Return, word for word, the lines of the listing below from the one with "Photo of 2534 Wilson St in Hollywood, FL" through the one with "Gastric bypass prosthesis", and no other lines.

======== PROVIDED DATA ========

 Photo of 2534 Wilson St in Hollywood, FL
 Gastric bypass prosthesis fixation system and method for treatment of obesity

========
======== PROVIDED DATA ========

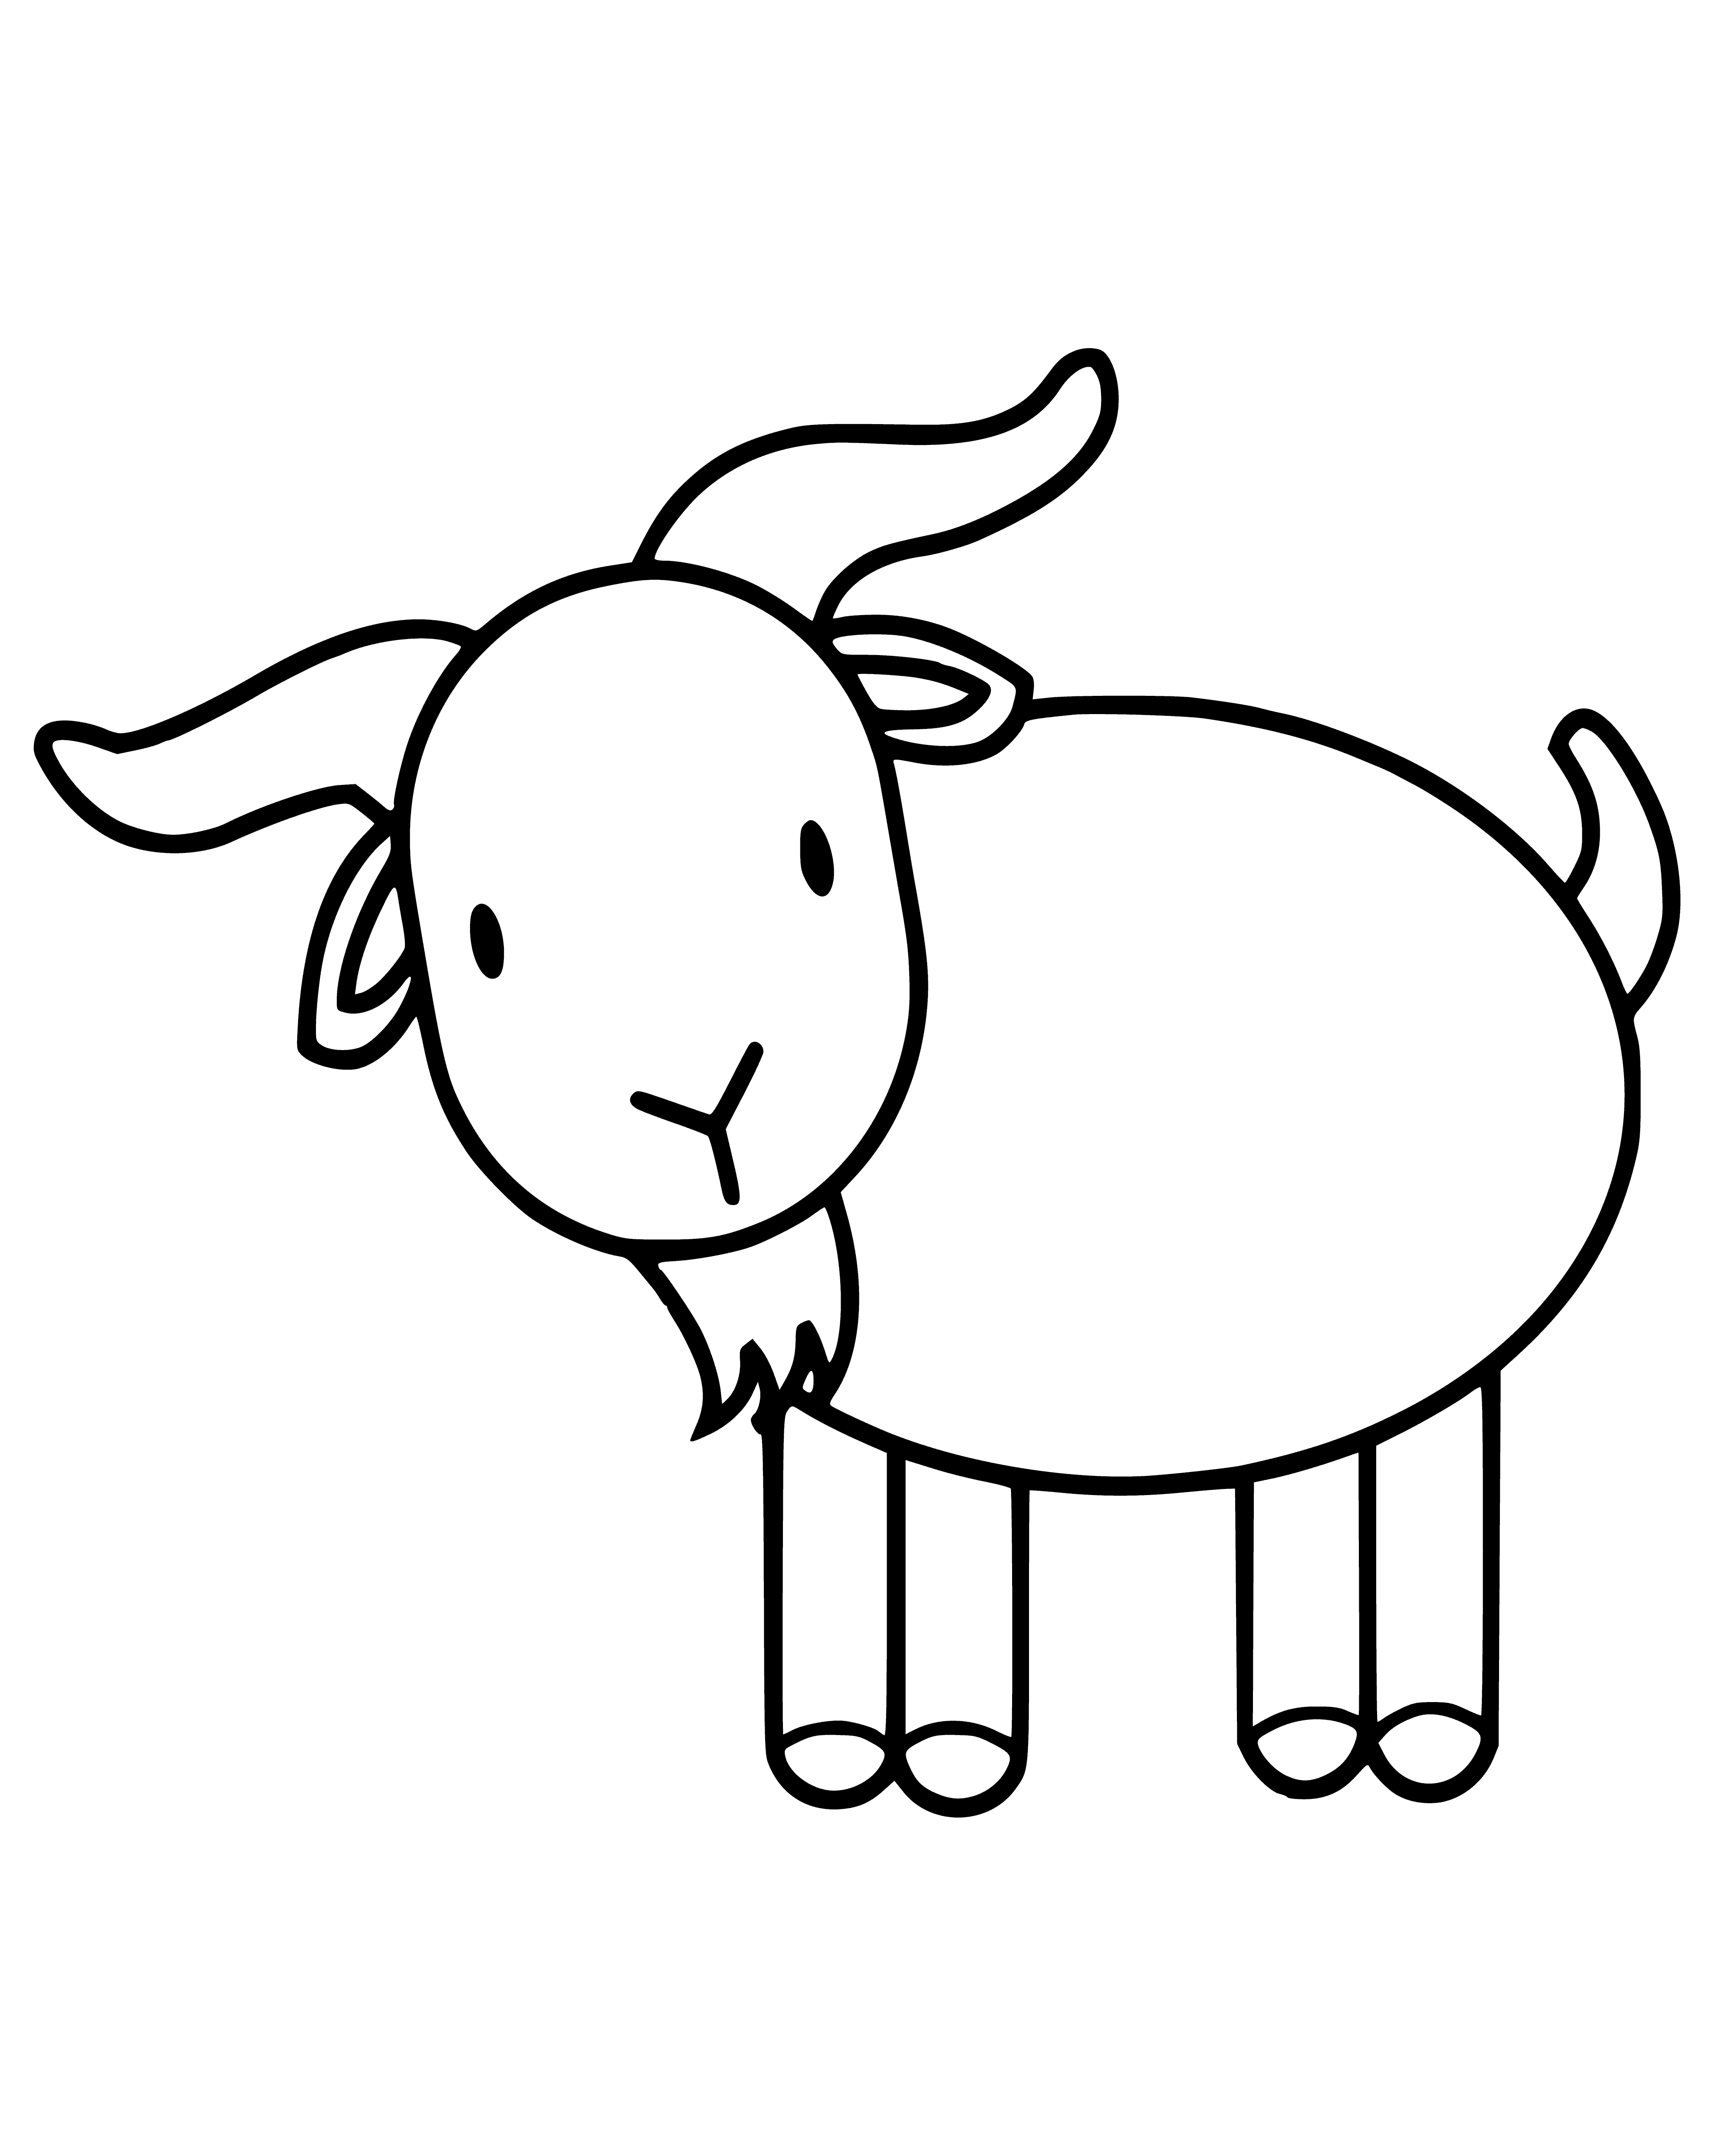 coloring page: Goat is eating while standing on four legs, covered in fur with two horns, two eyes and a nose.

========
======== PROVIDED DATA ========

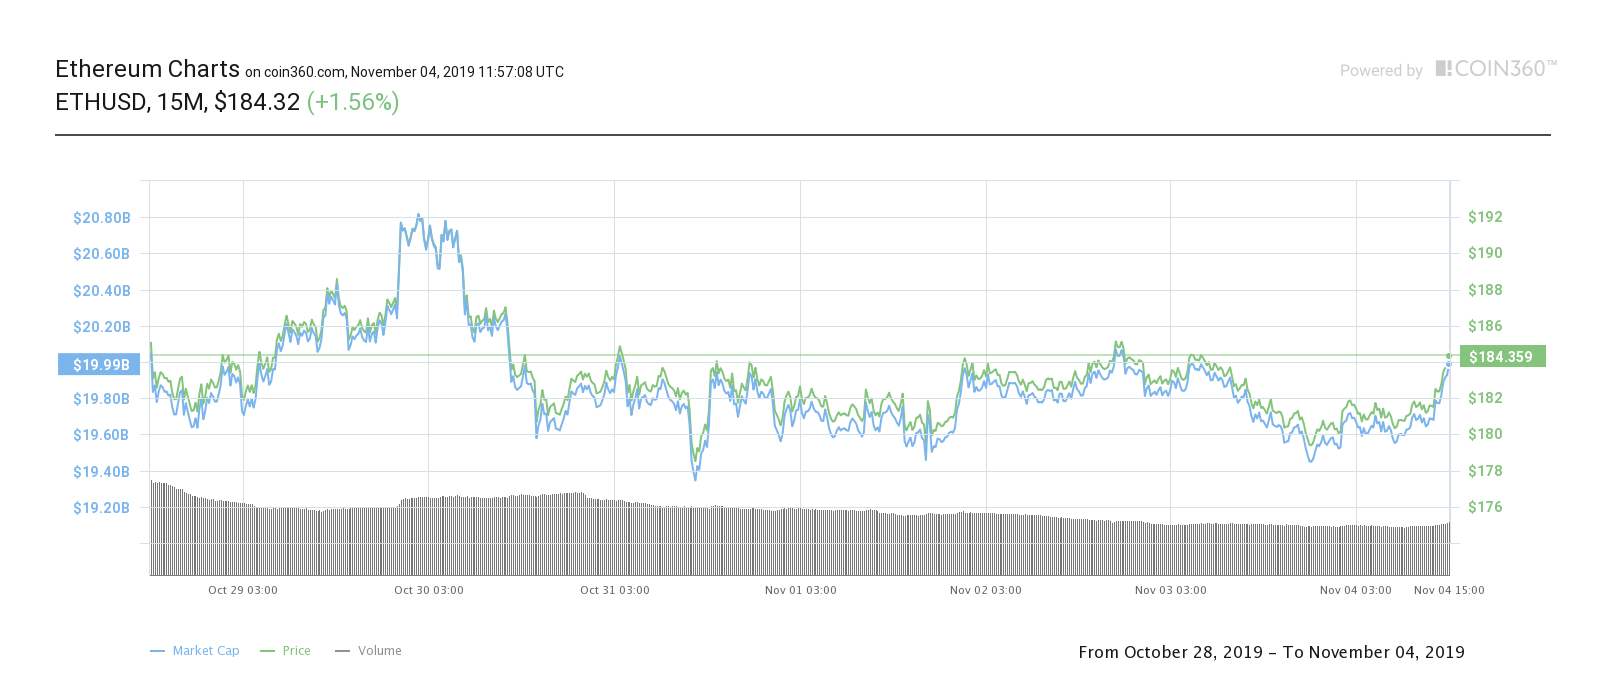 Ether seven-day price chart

========

WRITTEN ANSWER:
 Photo of 2534 Wilson St in Hollywood, FL
 Gastric bypass prosthesis fixation system and method for treatment of obesity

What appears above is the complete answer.